401. At the same instant that a portion of air is thus expelled from the lung and carried out of the system, a stream of blood, namely, blood which has been acted upon by the air, arterial blood, is propelled from the lung and is borne by the pulmonary veins to the left side of the heart, to be transmitted to the system (fig. [CXL]. 10, 11, 4). In this manner, by the simultaneous expulsion from the lung of a current of air and a stream of blood is accomplished the ultimate object of the action of expiration.
402. That blood flows to the lung during the action of inspiration, and is expelled from it during the action of expiration, is established by direct experiment.
403. If the great vessel which returns the blood from the head to the heart, called the jugular vein, be exposed to view in a living animal, it is seen to be alternately filled and emptied according to the different states of inspiration and expiration.

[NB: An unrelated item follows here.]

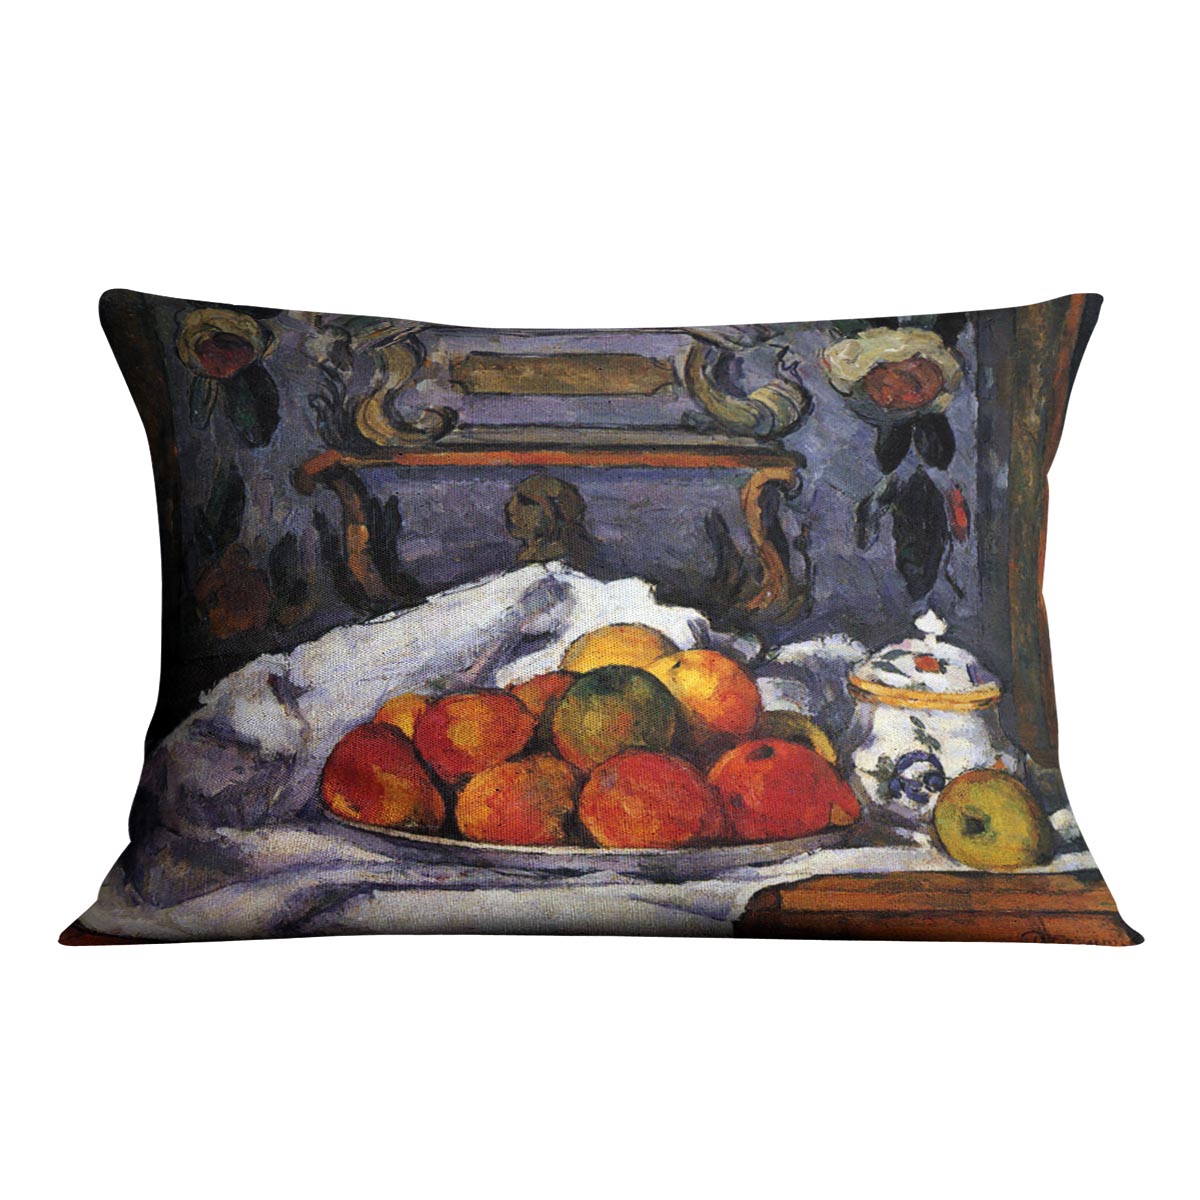 Still life bowl of apples by Cezanne Cushion

It becomes nearly empty at the moment of inspiration, because at that moment the venous stream is hurried forward to the right chambers of the heart, which in consequence of the general dilatation of the chest are now expanded to receive it. This may be rendered still more strikingly manifest to the eye. If a glass tube, blown at the middle into a globular form, be inserted by its extremities into the jugular vein of a living animal in such a manner that the venous stream must pass through this globe, it is found that the globe becomes nearly empty during inspiration, and nearly full during expiration; empty during inspiration, because, during this action the blood flows forwards to the right chambers of the heart; full during expiration, because during this action the venous stream, retarded in its passage through the lung, its motion becomes so slow in the jugular vein that there is time for its accumulation in the glass globe. In the artery, on the contrary, in which the course of the current is the reverse of that in the vein, the opposite result takes place. In the carotid artery the stream is seen to be feeble and scanty during inspiration, but forcible and full during expiration, and if the artery be divided the jet of blood that issues from it absolutely stops during the action of inspiration; and the fuller and deeper the inspiration the longer is the interval between the jets, while it is during the action of expiration that the jet is full and strong.

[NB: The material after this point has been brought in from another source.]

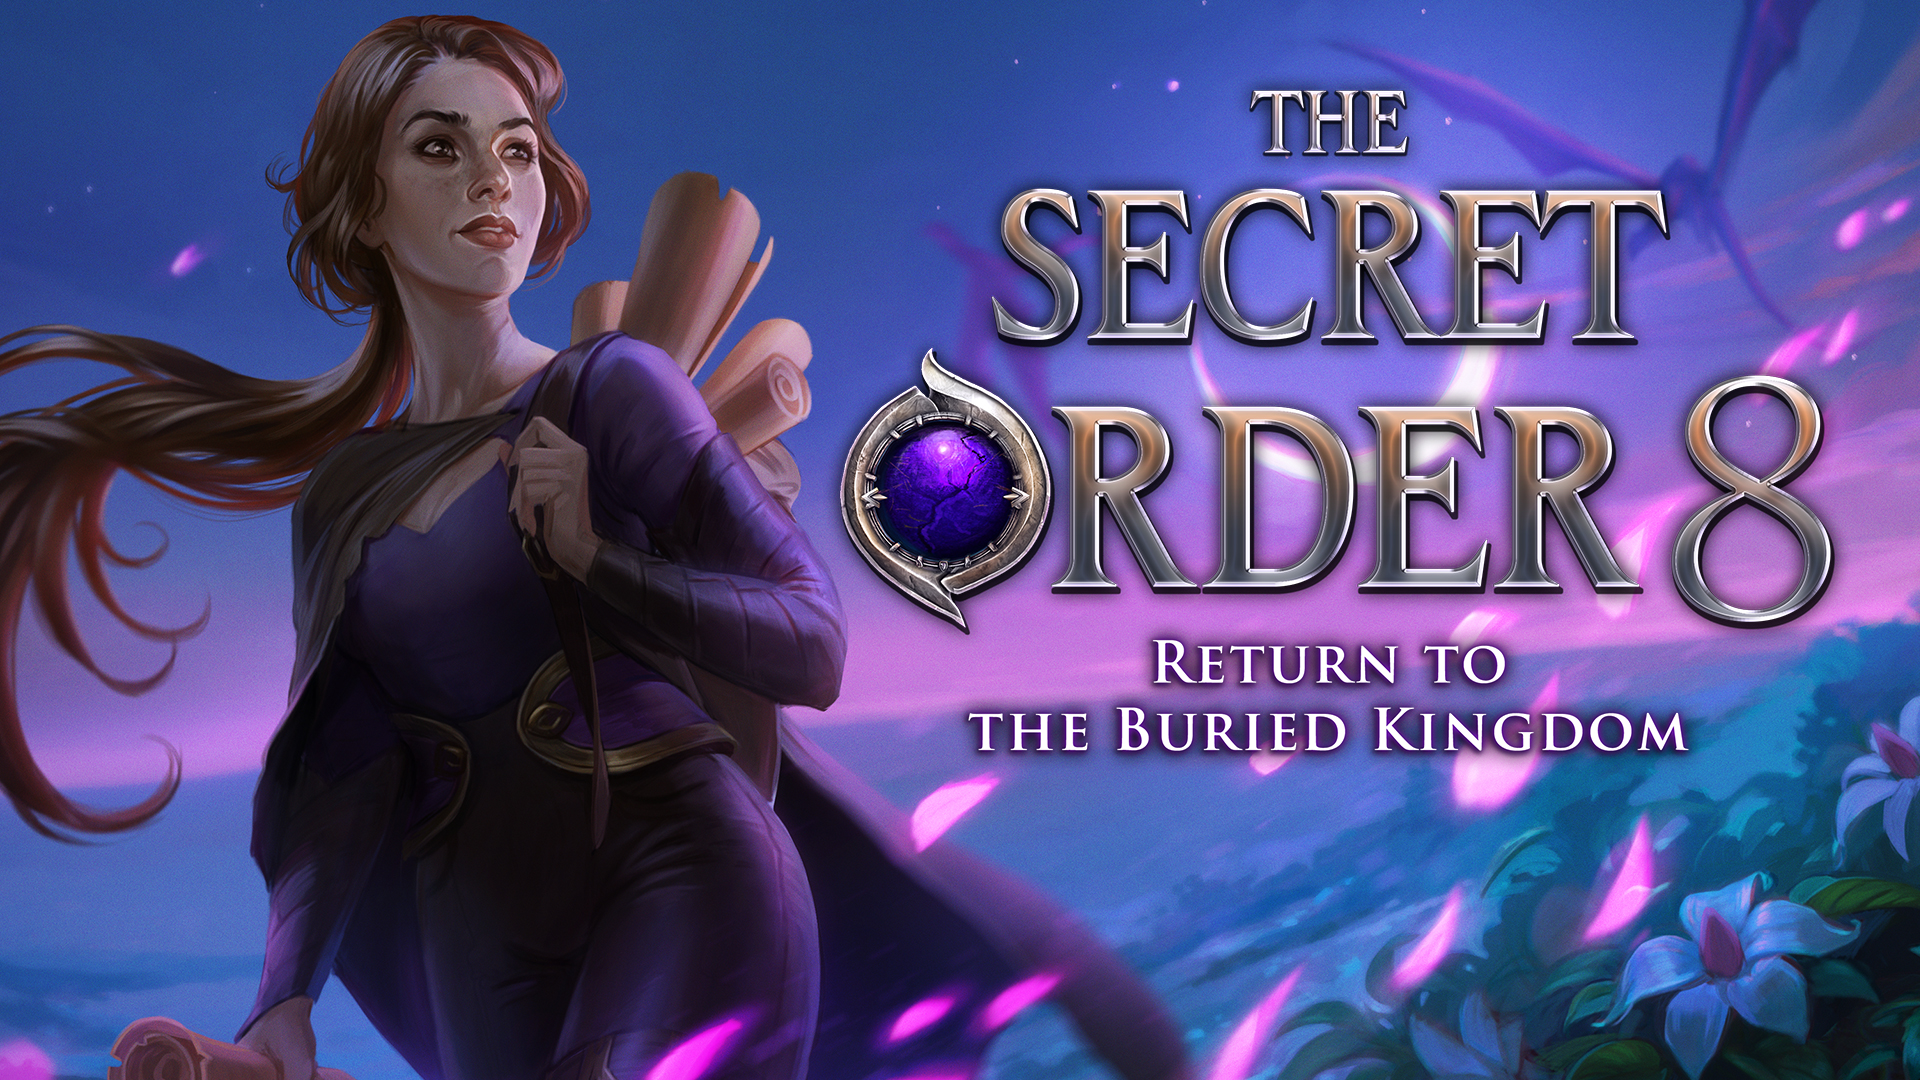 free download The Secret Order 8: Return to the Buried Kingdom

404. In the course of some experiments performed by Dr. Dill and myself with a view to ascertain with greater precision the relation between respiration and circulation, we observed a phenomenon which places these points in a still more clear and striking light. We happened to divide a jugular vein. We saw that the vessel ceased to bleed during inspiration, and that it began to bleed copiously the moment expiration commenced; the reverse of what uniformly happens in the entire state of the vessel. The reason is, that the division of the vein cuts off its communication with the lung, removes it from the influence of respiration, brings it under the influence, the sole influence of the powers that move the arterial current, and consequently reverses its natural condition, and so reverses the manner in which its current flows; affording a beautiful illustration of the influence of the two actions of respiration on the two sets of blood-vessels concerned in the function.

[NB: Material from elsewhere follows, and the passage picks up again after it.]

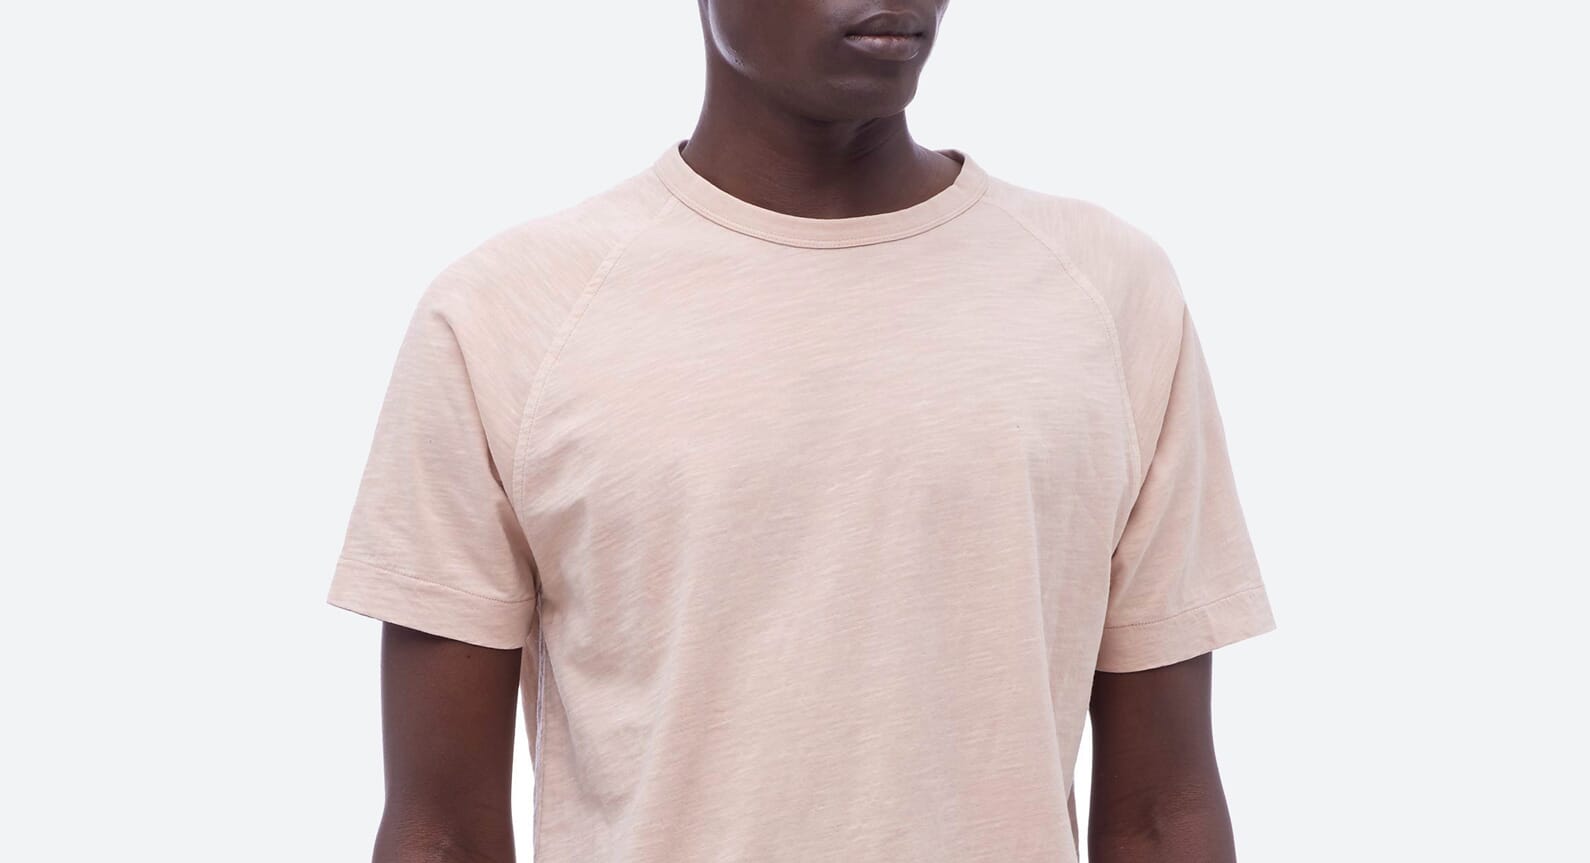 10 T-Shirts To Top Up Your Summer Wardrobe

405. It is then the venous system that is immediately related to inspiration, and the arterial to expiration. Each respiratory action exerts a specific influence over its own sanguiferous system, and the influence of the one action is the reverse of that of the other, as the two currents they work flow in opposite directions. The lungs, in inspiration, expand and receive the venous stream; in expiration, collapse and expel the arterial stream. The expansion of the lungs in inspiration is thus simultaneous with the dilatation of the heart: during the inspiratory action both organs receive their blood. The collapse of the lungs in expiration is simultaneous with the contraction of the heart: during the expiratory action both organs expel their blood.